Set down the final stretch of the data, from the line that holds "Streetwize SWPC4 Automotive" through the last line, both included, with pictures left out.

## Records from a data collection

◇ ◇ ◇ ◇ ◇ ◇ ◇

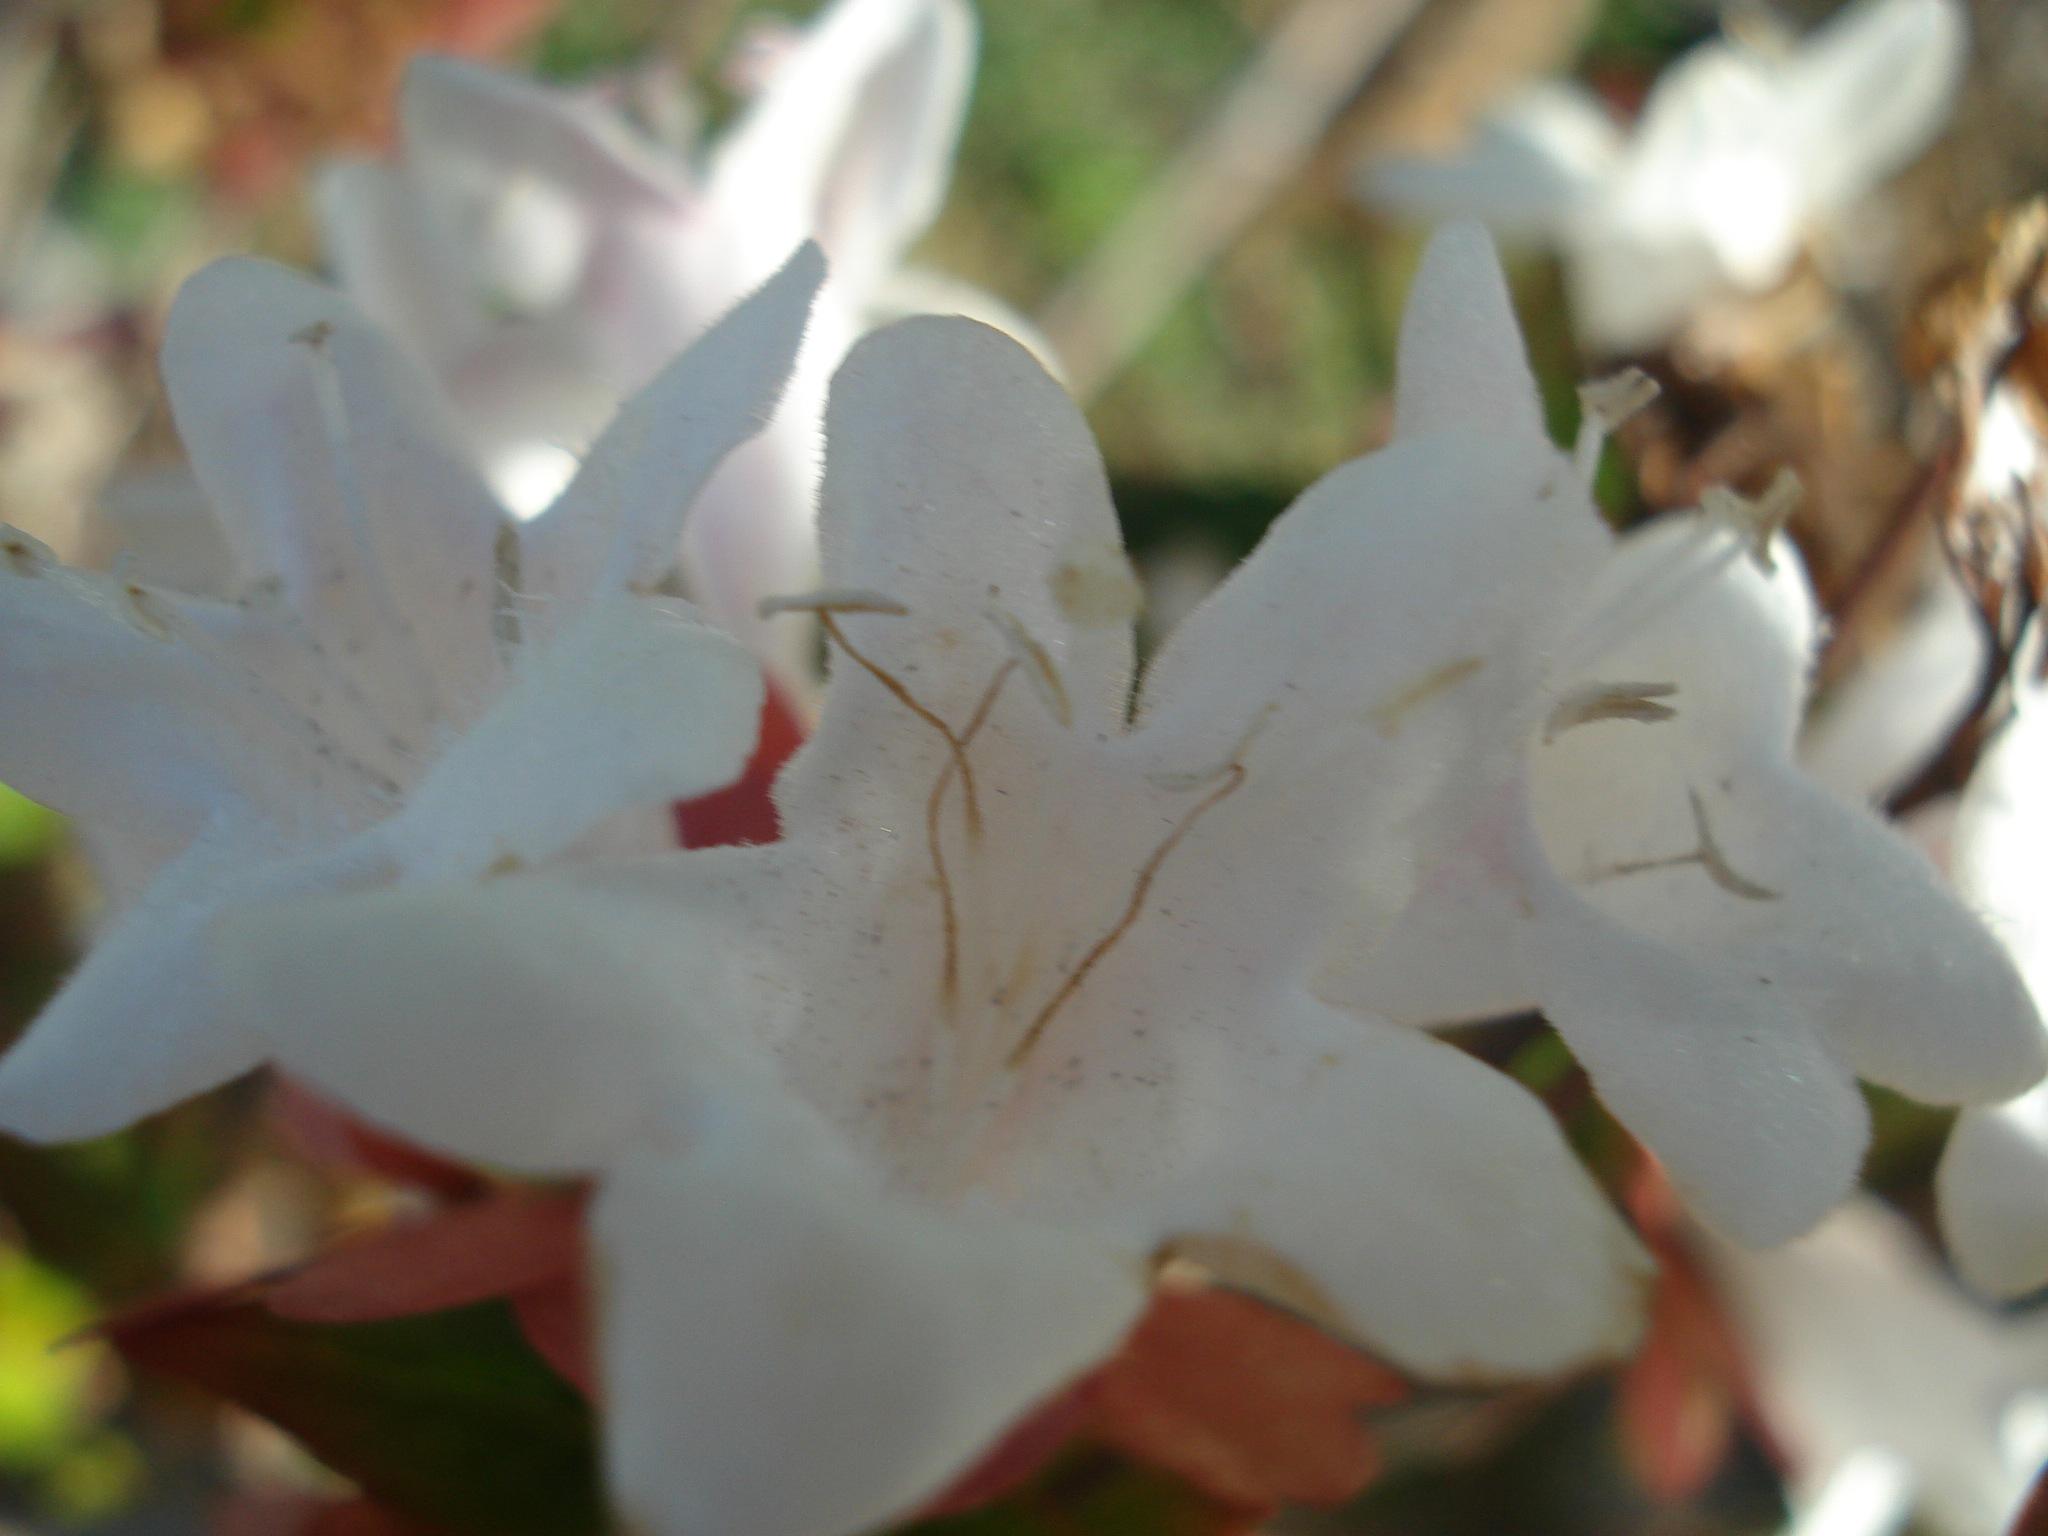 3 - 17/3/18 .. 72-73 .. WATERMARKED FLOWERS .. by GÜVEN YENERSOY
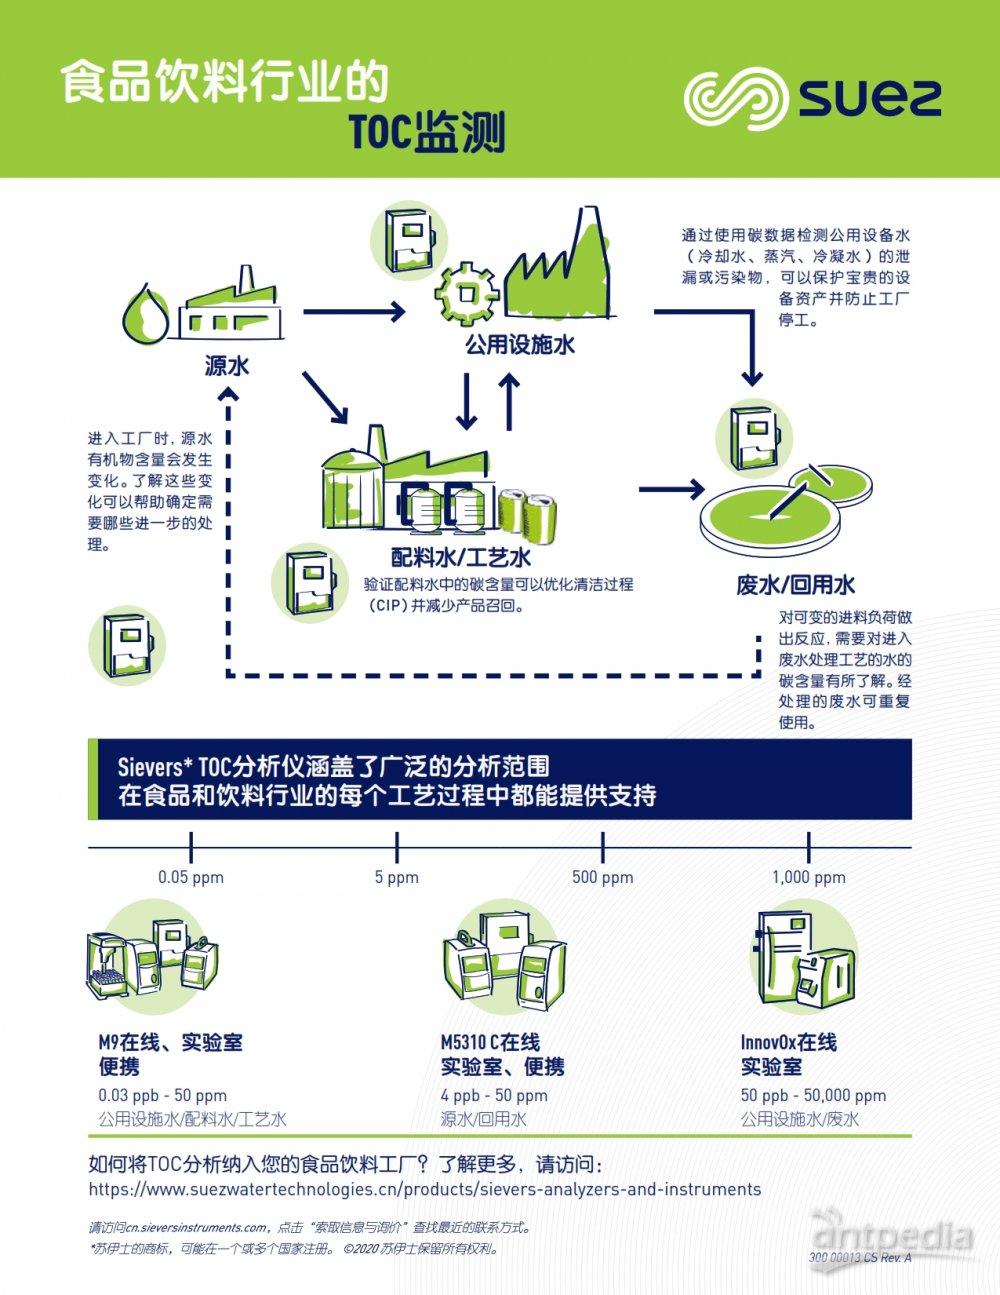 300 00013 CS - TOC in Food & Bev Infographic_001.jpg
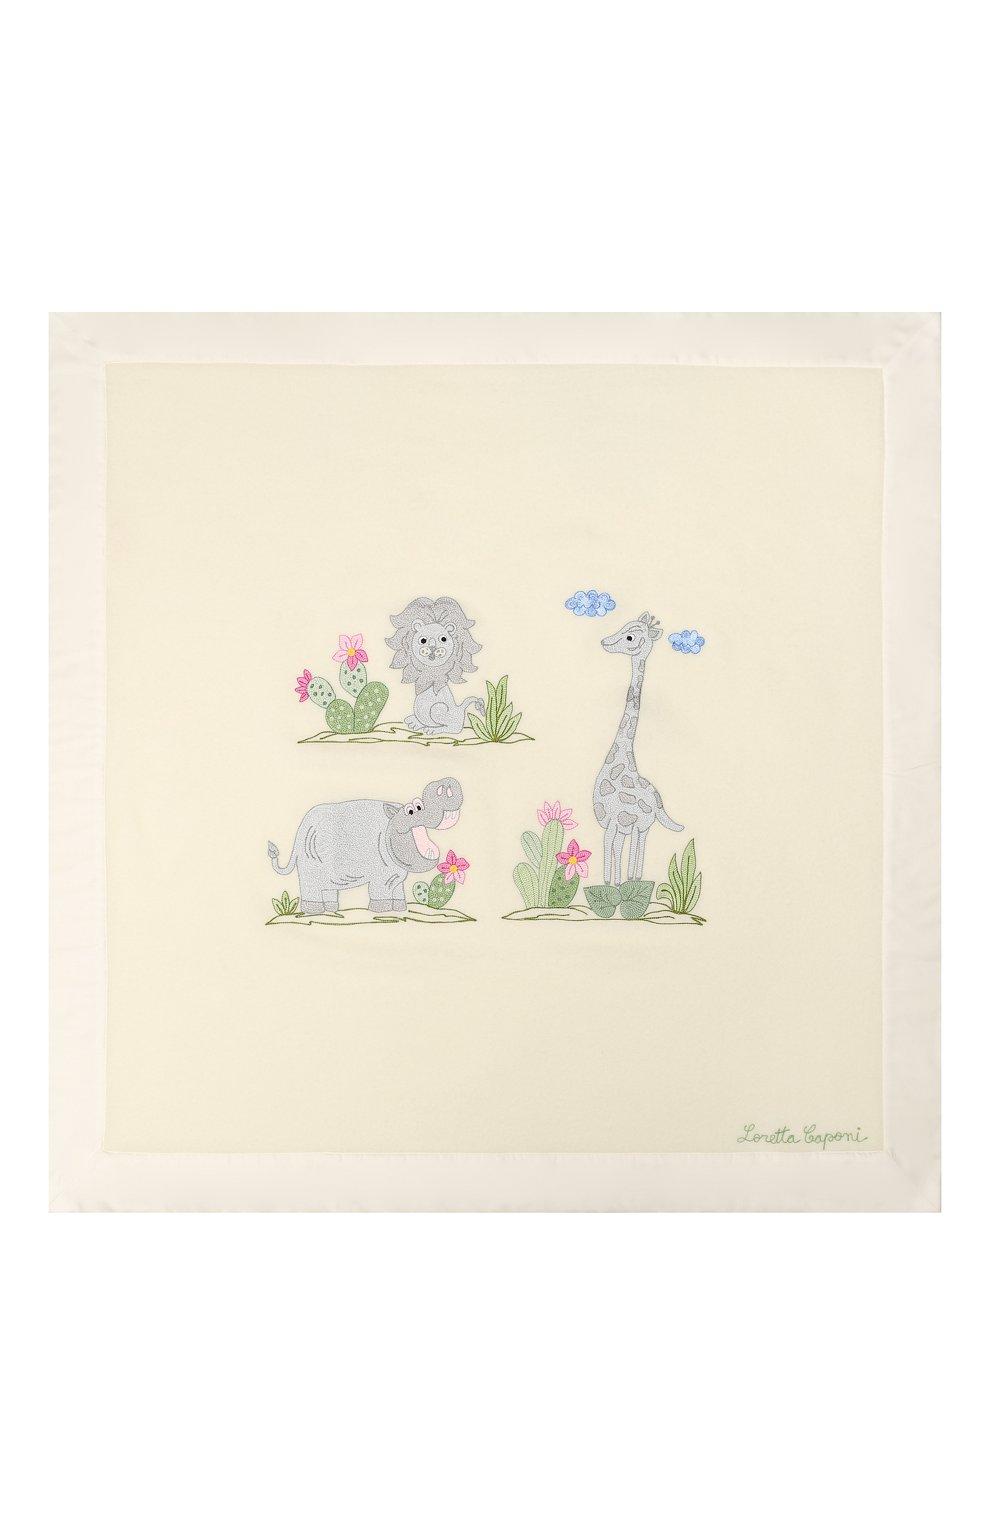 Детского шерстяное одеяло LORETTA CAPONI белого цвета, арт. 182K13308302002.GREY   Фото 2
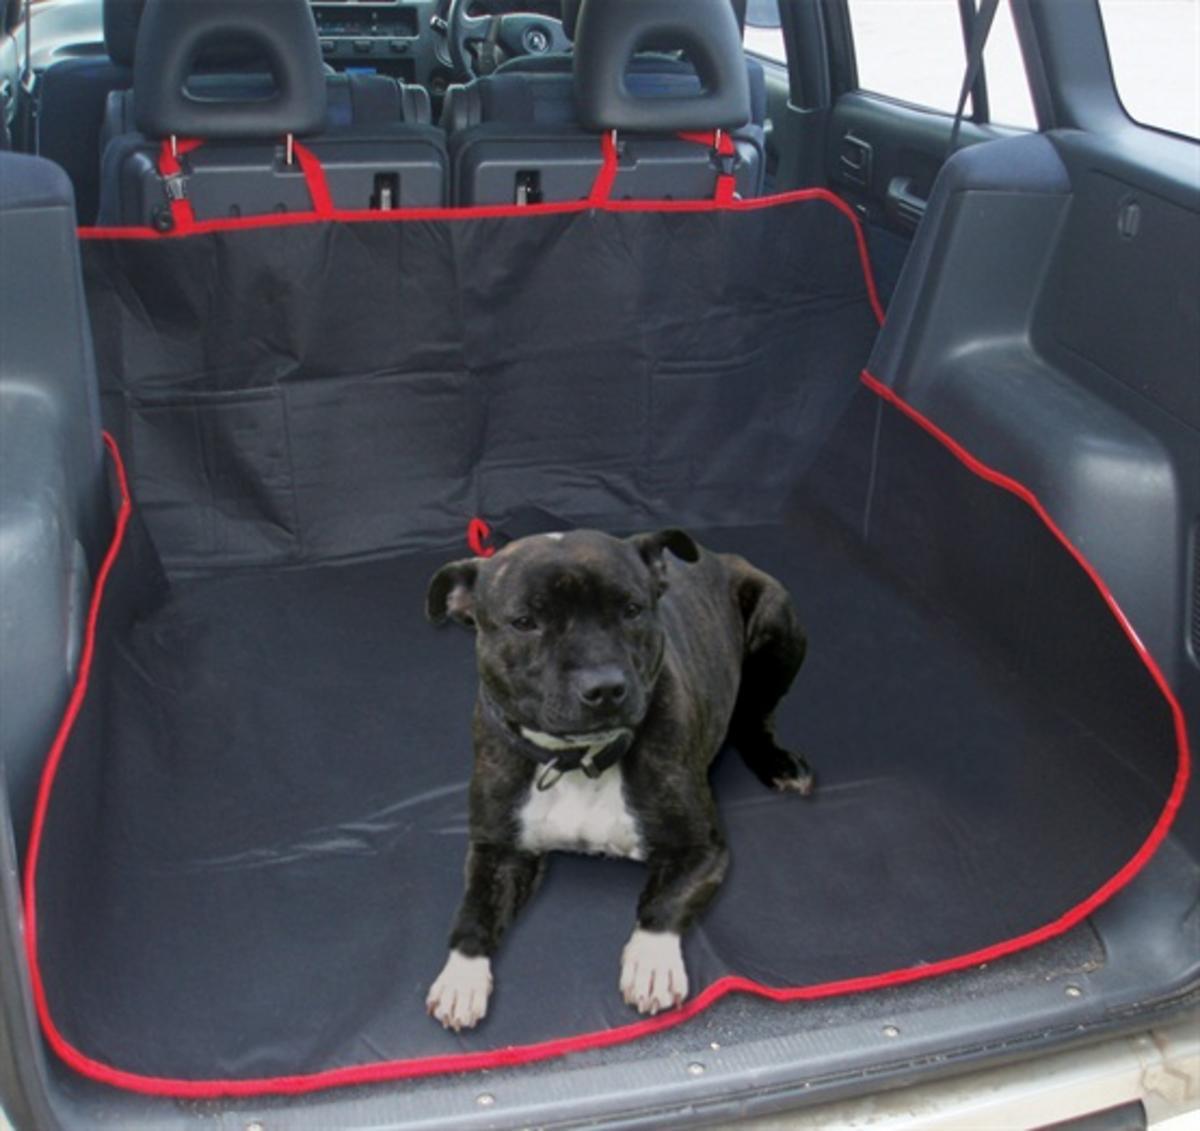 Streetwize SWPC4 Automotive Car Van Pet Vehicle Boot Liner For Hatchback Suv 4X4
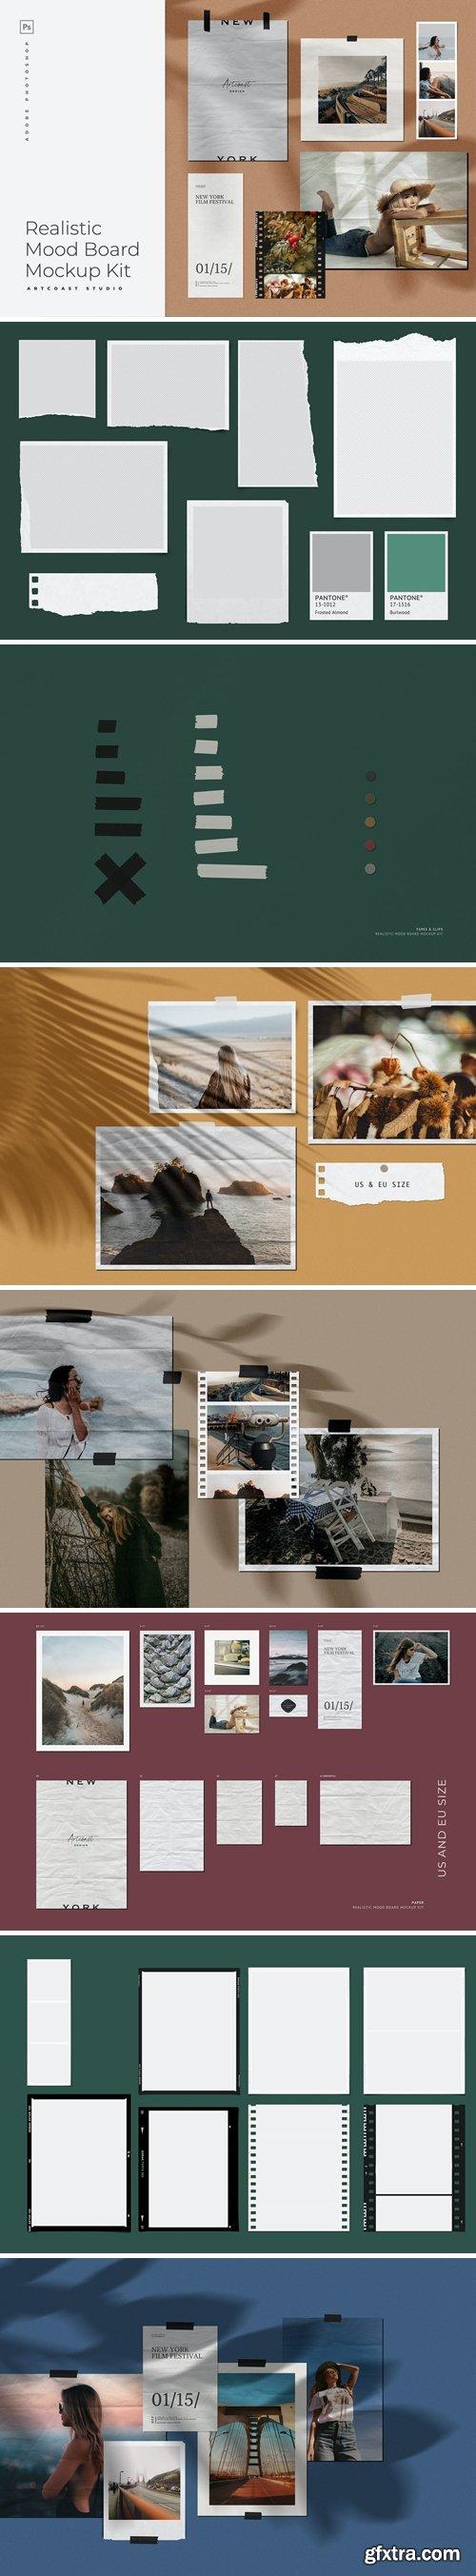 CreativeMarket - Realistic Moodboard Mockup Kit 5617960

◇ ◇ ◇ ◇ ◇ ◇ ◇

## Problem solution
 Streetwize SWPC4 Automotive Car Van Pet Vehicle Boot Liner For Hatchback Suv 4X4
 CreativeMarket - Realistic Moodboard Mockup Kit 5617960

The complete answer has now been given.